Similarly, the university in Mehta relied on a handbook given to all students, which provided that by registering for classes, a student becomes obligated to pay for all fees and charges, including tuition, contending that a contract was formed upon the debtor's registration, whereby the debtor agreed to pay a defined sum for specified services. The university contended that the agreement was transformed into a loan when it allowed the debtor to continue in classes without paying the tuition. Not doubting that the debtor knew of his financial obligation to the university, the Third Circuit held that the debtor's awareness was insufficient evidence that a loan was intended by the parties.

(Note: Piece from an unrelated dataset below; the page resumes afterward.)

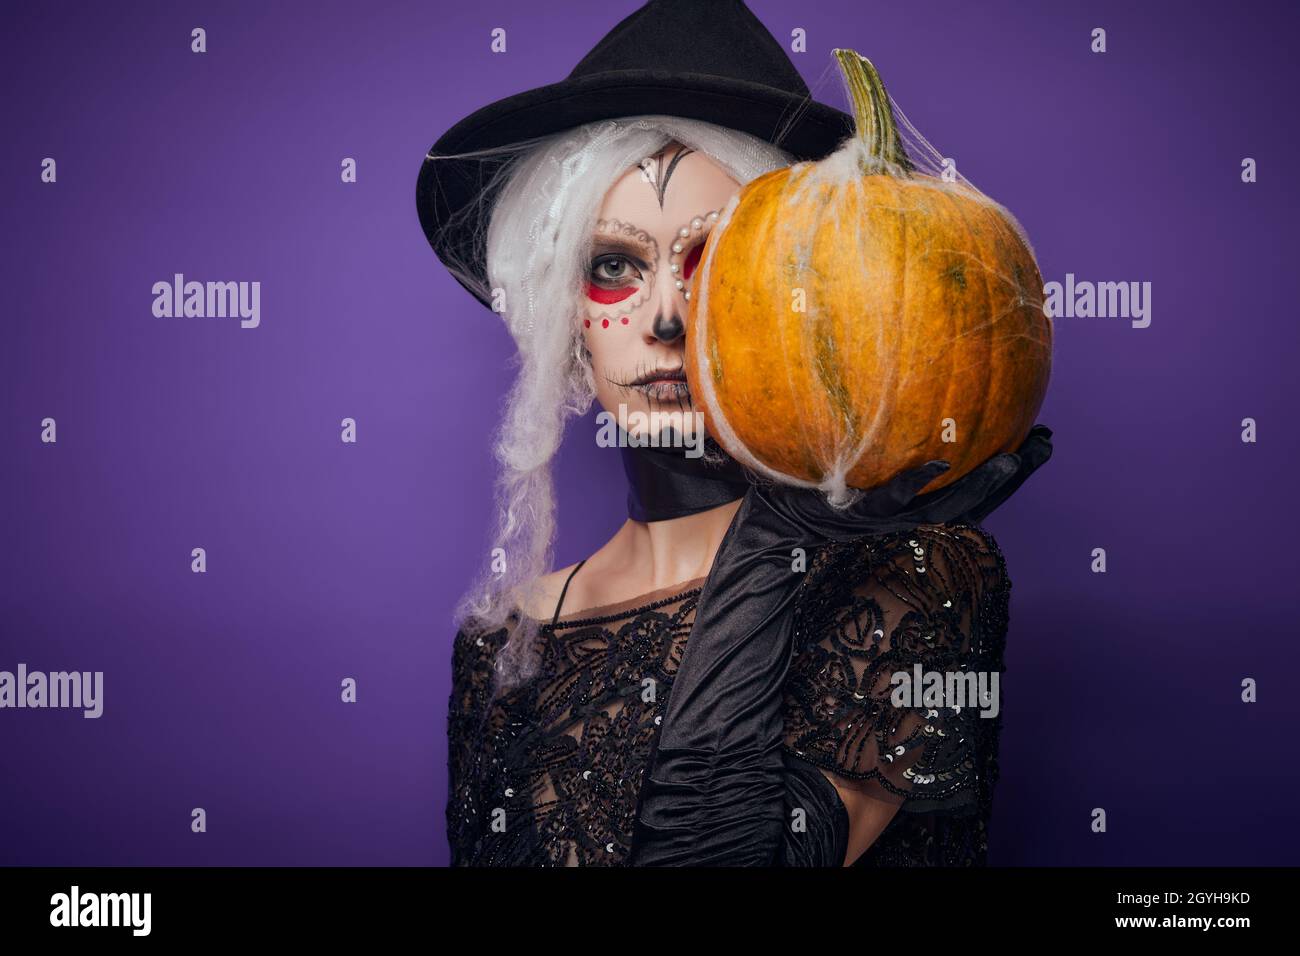 Serious young woman with Halloween make-up covers half of face with pumpkin Stock Photo

In the present case, the Student Account Guarantor Agreement treats tuition, housing, activity and recreational fees and other charges differently from "incidental" charges which occur after the beginning of the semester. Paragraph 2 unequivocally provides that the former category must be paid one week prior to the beginning of the semester. That is, payment is due in full, in advance. It is only incidental charges occurring after the beginning of the semester that are payable on a monthly basis. Based on the billing records for the DEBTOR'S account, only a few charges of insignificant amounts represent "incidental" charges. VANDERBILT asserts that the Court must "read into" the Agreement VANDERBILT'S commitment to provide the educational services and its agreement to accept payment at a later date, but the Agreement provides no such commitment and that assertion is contradicted by the Agreement's reference to unpaid charges and the imposition of a late fee on those charges. VANDERBILT did not agree to defer payment. Rather, as was the case in Chambers, Renshaw and Mehta, when the DEBTOR failed to pay the tuition as agreed, VANDERBILT voluntarily allowed her to complete the semester notwithstanding the absence of an agreement to defer payment of the tuition. On the facts before the Court, the Student Account Guarantor Agreement is not an educational loan subject to Section 523(a)(8), and the DEBTOR'S obligation to VANDERBILT is not nondischargeable on that basis. Accordingly, VANDERBILT'S Motion for Summary Judgment will be denied and the DEBTOR'S Motion will be granted.
This Opinion constitutes this Court's findings of fact and conclusions of law in accordance with Federal Rule of Bankruptcy Procedure 7052. A separate Order will be entered.